───── GIVEN DATA ─────

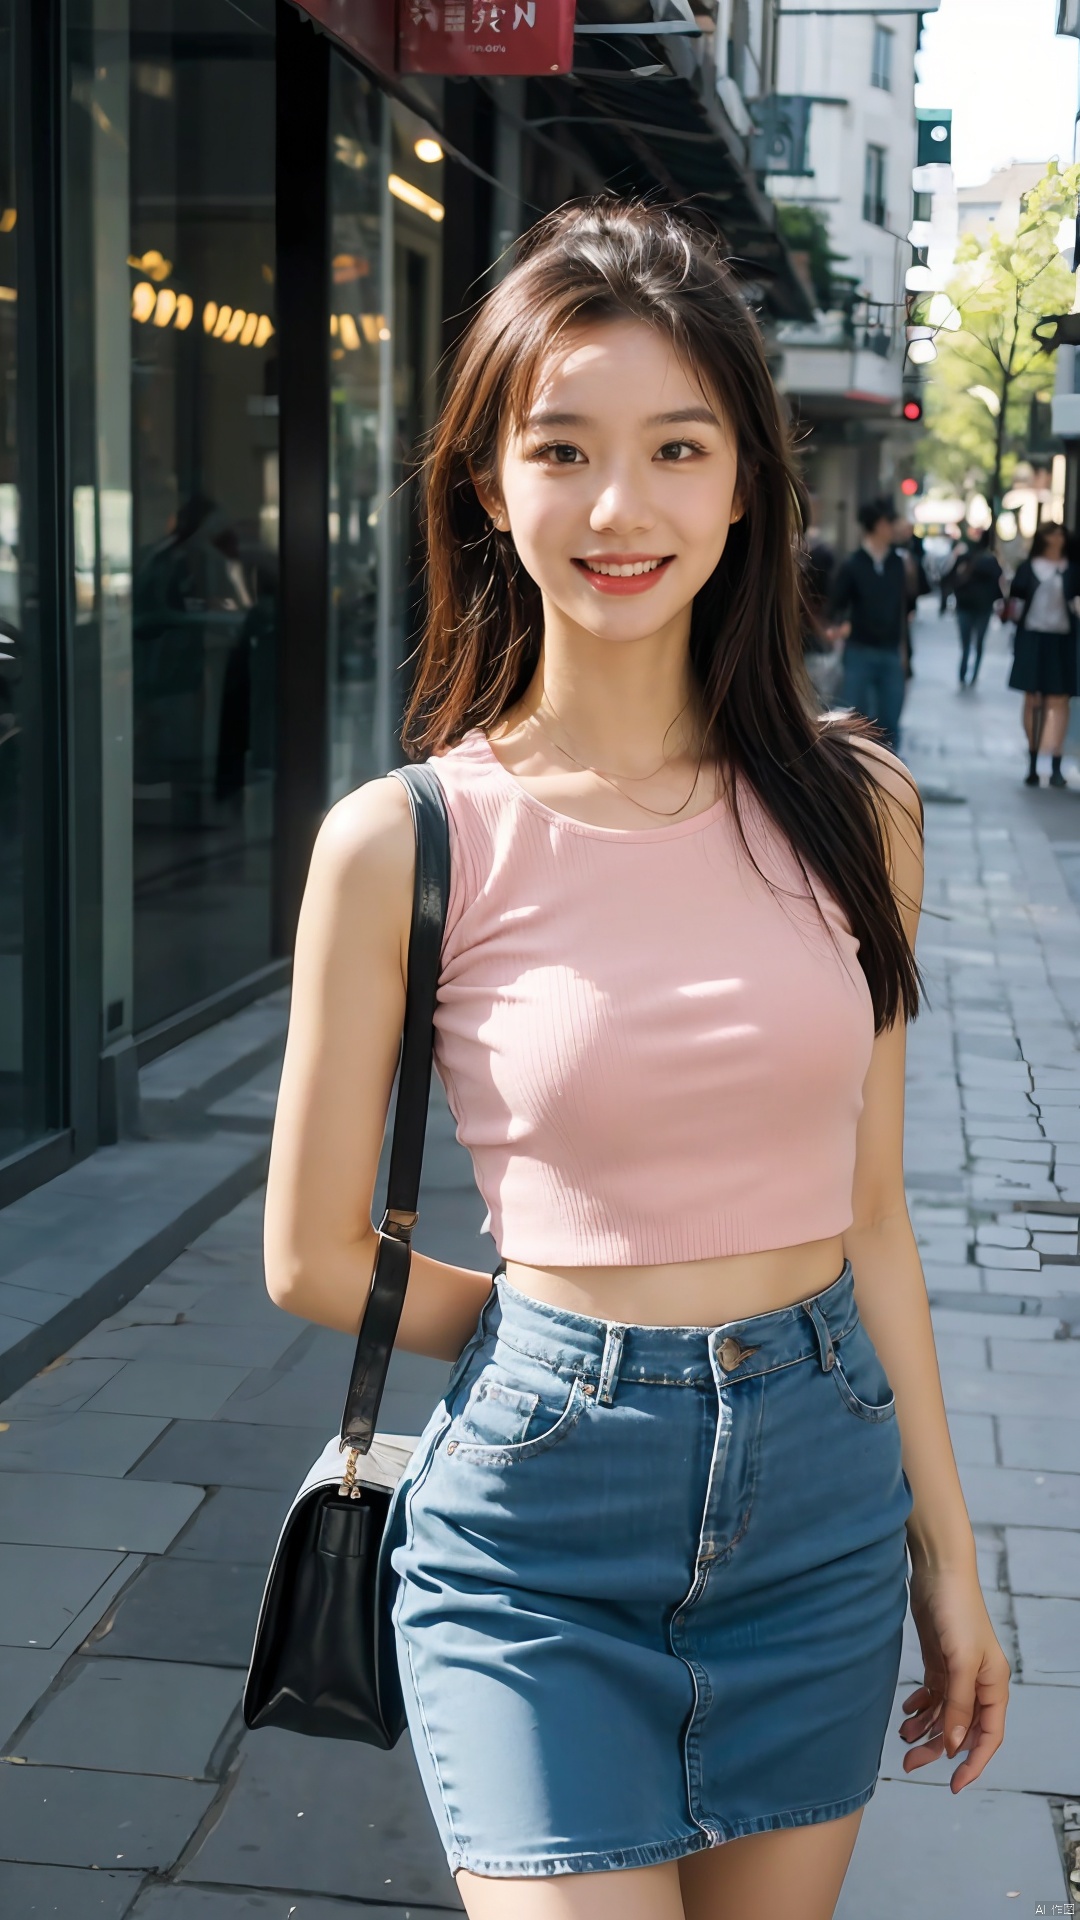  The image features a young woman in a pink top and a blue skirt, standing on a cobbled street with a smile on her face. The sunlight illuminates her face, casting a warm glow on her features. The colors in the image are vibrant and well-balanced, with a natural feel to them. The quality of the image is excellent, with no visible noise or graininess. The street setting adds a sense of depth and context to the scene. The young woman's cheerful and confident demeanor is captured in the image.
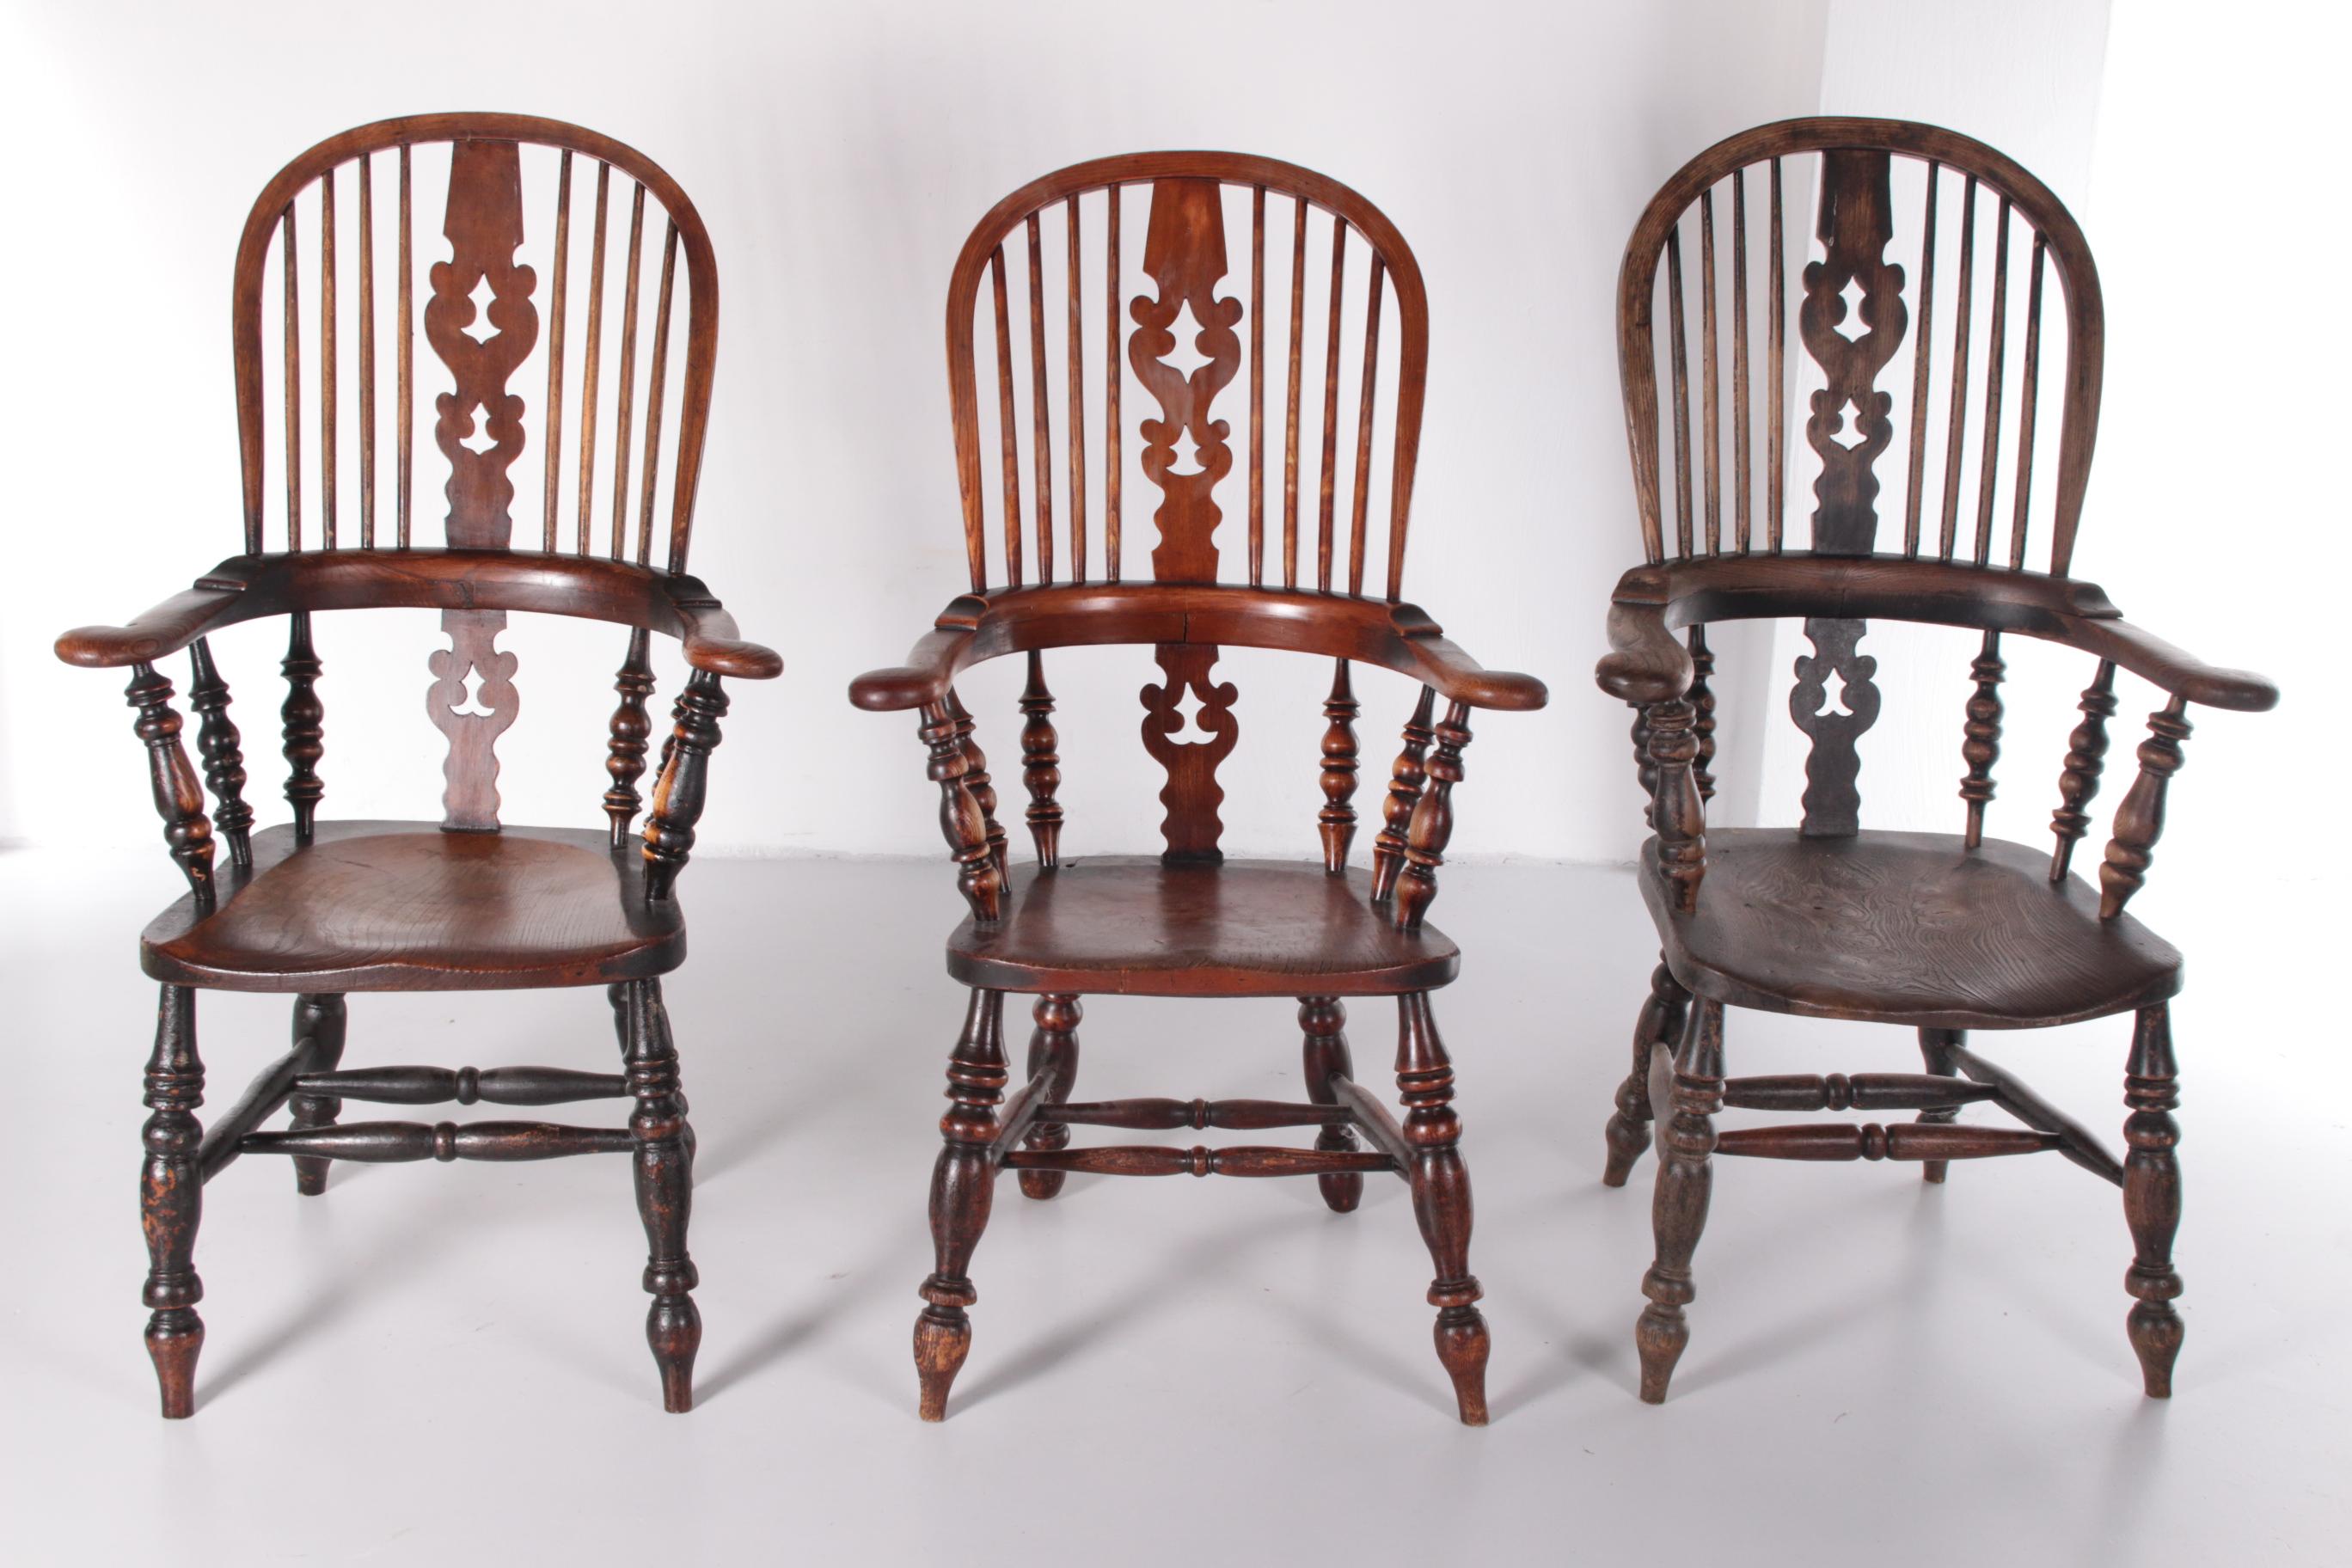 A well matched pair of 19th century yew and elm seated high back windsor chairs this is a quintessential Nottinghamshire design.

These models were designed around 1840 and made around 1900.

The patina is beautiful and robust, these chairs have

─────

PROBLEM DETAILS ▸ Write the full listing out again with every line unchanged, but include no pictures.

WRITTEN RESPONSE ▸
  The image features a young woman in a pink top and a blue skirt, standing on a cobbled street with a smile on her face. The sunlight illuminates her face, casting a warm glow on her features. The colors in the image are vibrant and well-balanced, with a natural feel to them. The quality of the image is excellent, with no visible noise or graininess. The street setting adds a sense of depth and context to the scene. The young woman's cheerful and confident demeanor is captured in the image.
 A well matched pair of 19th century yew and elm seated high back windsor chairs this is a quintessential Nottinghamshire design.

These models were designed around 1840 and made around 1900.

The patina is beautiful and robust, these chairs have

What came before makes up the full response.